С опаской войдя в холл, я увидел своего наследника, сидящего верхом на Трэше. Гарик тянул собаку за уши вверх, однако, несмотря на его старания, овчарка, подобно вертолету, не взмыла в воздух, а продолжала покорно терпеть игрища этого мелкого исчадия ада. Но стоило собаке заметить меня, как она тут же оскалилась, щелкнув громадными рафинадного цвета клыками.

Распахнув плащ, я медленно отступил к приоткрытой двери, судорожно перебирая всевозможные варианты к отступлению, расстегивая на всякий случай фиксатор плечевой кобуры. Трэш неуловимым движением сбросил с себя седока и вздыбил шерсть на загривке. Присев на ковер, Гарик не без удовольствия заметил:

— Папуля, он тебе сейчас трахалку оборвет.

— Не дождешься, — отвечаю любимому сыночку, твердо глядя в собачьи глаза. — Я его пристрелю.

— Не успеешь, — хотя я не вижу выражения лица Гарика, но понимаю, что на нем разлита сладострастно-гадостная улыбка.
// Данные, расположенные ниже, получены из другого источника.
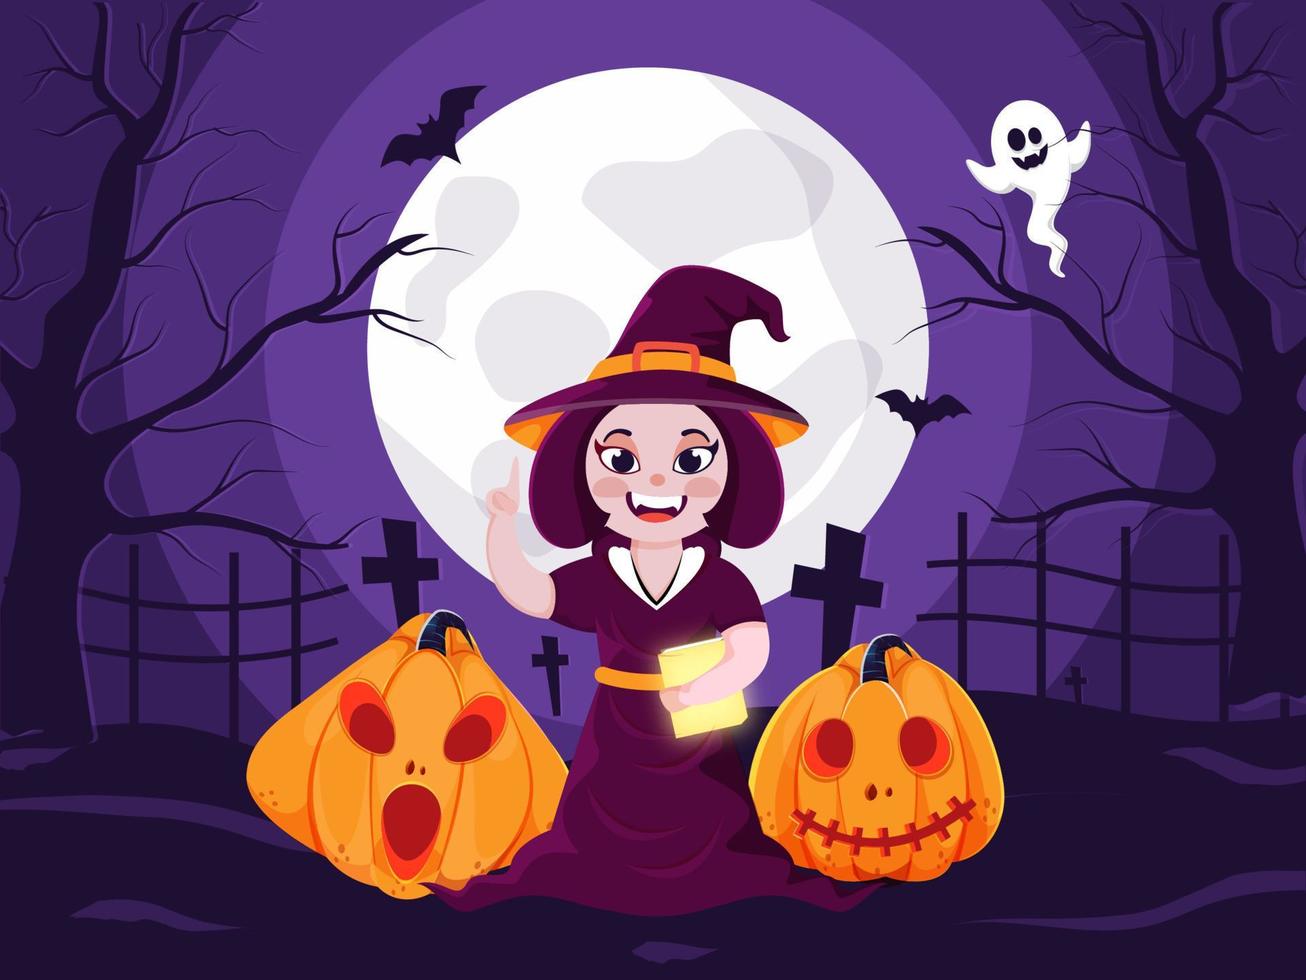 Illustration of Cheerful Witch Holding Book with Jack-O-Lanterns, Flying Bats and Ghost on Full Moon Purple Graveyard View Background. vector
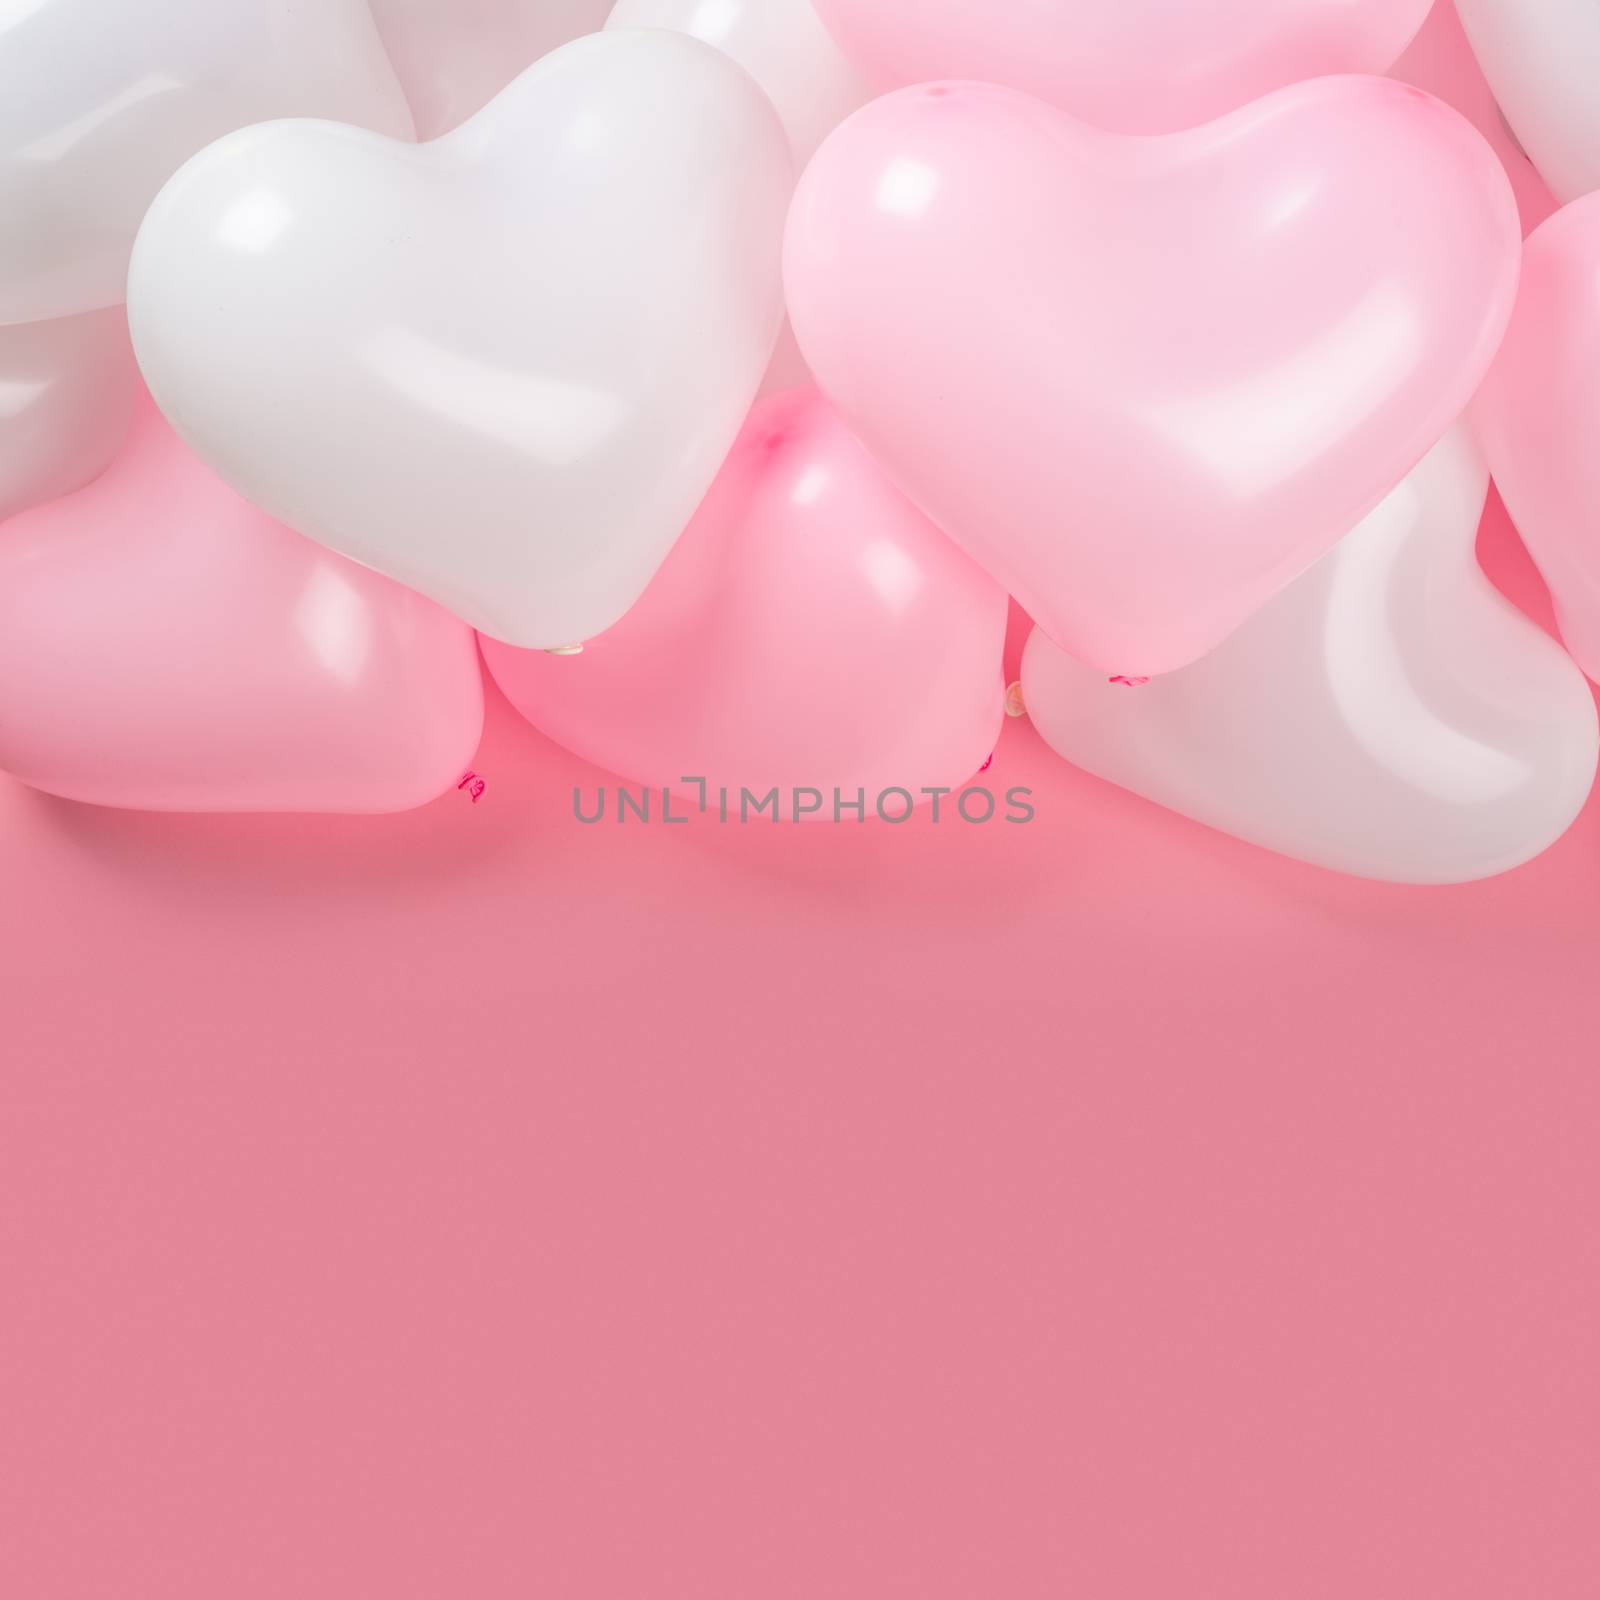 Happy valentines day greetings many heart shaped pink and white balloons background border frame flat lay with copy space for text

Наш поединок завершился самым невероятным образом, благодаря появлению хозяина дома. Завидев Педрилу, Трэш тут же поджал хвост, опустил шерсть на загривке и, спрятав свои оскаленные клыки, бочком прошмыгнул мимо меня во двор. Клянусь всем, что для меня дорого, в этот момент выражение морды волосатого аспида было точно таким, как у Гарика. Реакция не раз спасала мне жизнь и в более запутанных ситуациях; пристально следя за Педрилой, я медленно оттянул задник левого туфля с помощью носка правого и тут же резким движением послал обувь в персидского выродка. Педрило успел среагировать на мою атаку, мгновенно взвившись в воздух с места, и туфель угодил в Гарика.

Рев моего сына был таким, словно в него попал не легенький мокасинчик, а двухпудовая гиря. Этот вопль был чересчур громким даже для моего уютного дома; Гарик сумел напугать не кого-нибудь, а самого Педрилу. Издав гнусный вой, кот помчался на второй этаж. Мой наследник, продолжая нагнетать децибелы, катался по полу с таким остервенением, словно ему, как минимум, оборвало обе ноги.

Вряд ли я ожидал сам от себя, что в такой критической ситуации превращу арию Гарика в самый настоящий дуэт. Однако стоило увидеть перед собой страшную зеленую маску, я невольно вскрикнул, отскочив по-педрильски в сторону.

— Ты, что, нас точно решил в гроб загнать? — поперла на меня благоверная, замаскированная кремом под английский газон, потряхивая бигудями в такт наступательному движению. — Утренней разминки с обувью тебе недостаточно?

Гарик тут же перестал корчиться в предсмертных судорогах и закрыл рот, прислушиваясь к монологу своей ненаглядной мамочки.

— Совсем взбесился? Что у тебя произошло, если вдруг домой заявляешься второй день подряд? Наверняка не пришлось сегодня к какой-то сучке сбегать…

— Вот именно, — живо подключился к разговору тяжелораненый.

Сабина пристально посмотрела в сторону Гарика, и тот снова забился в падучей.

— Дорогая, — как можно спокойнее говорю ей, — мне кажется, что нам пора развестись.

Обычно после этих слов Сабину начинало трясти и она сходу закрывала рот, улетая со скоростью торпеды в свои апартаменты. Сегодня моя вторая половина повела себя несколько иначе.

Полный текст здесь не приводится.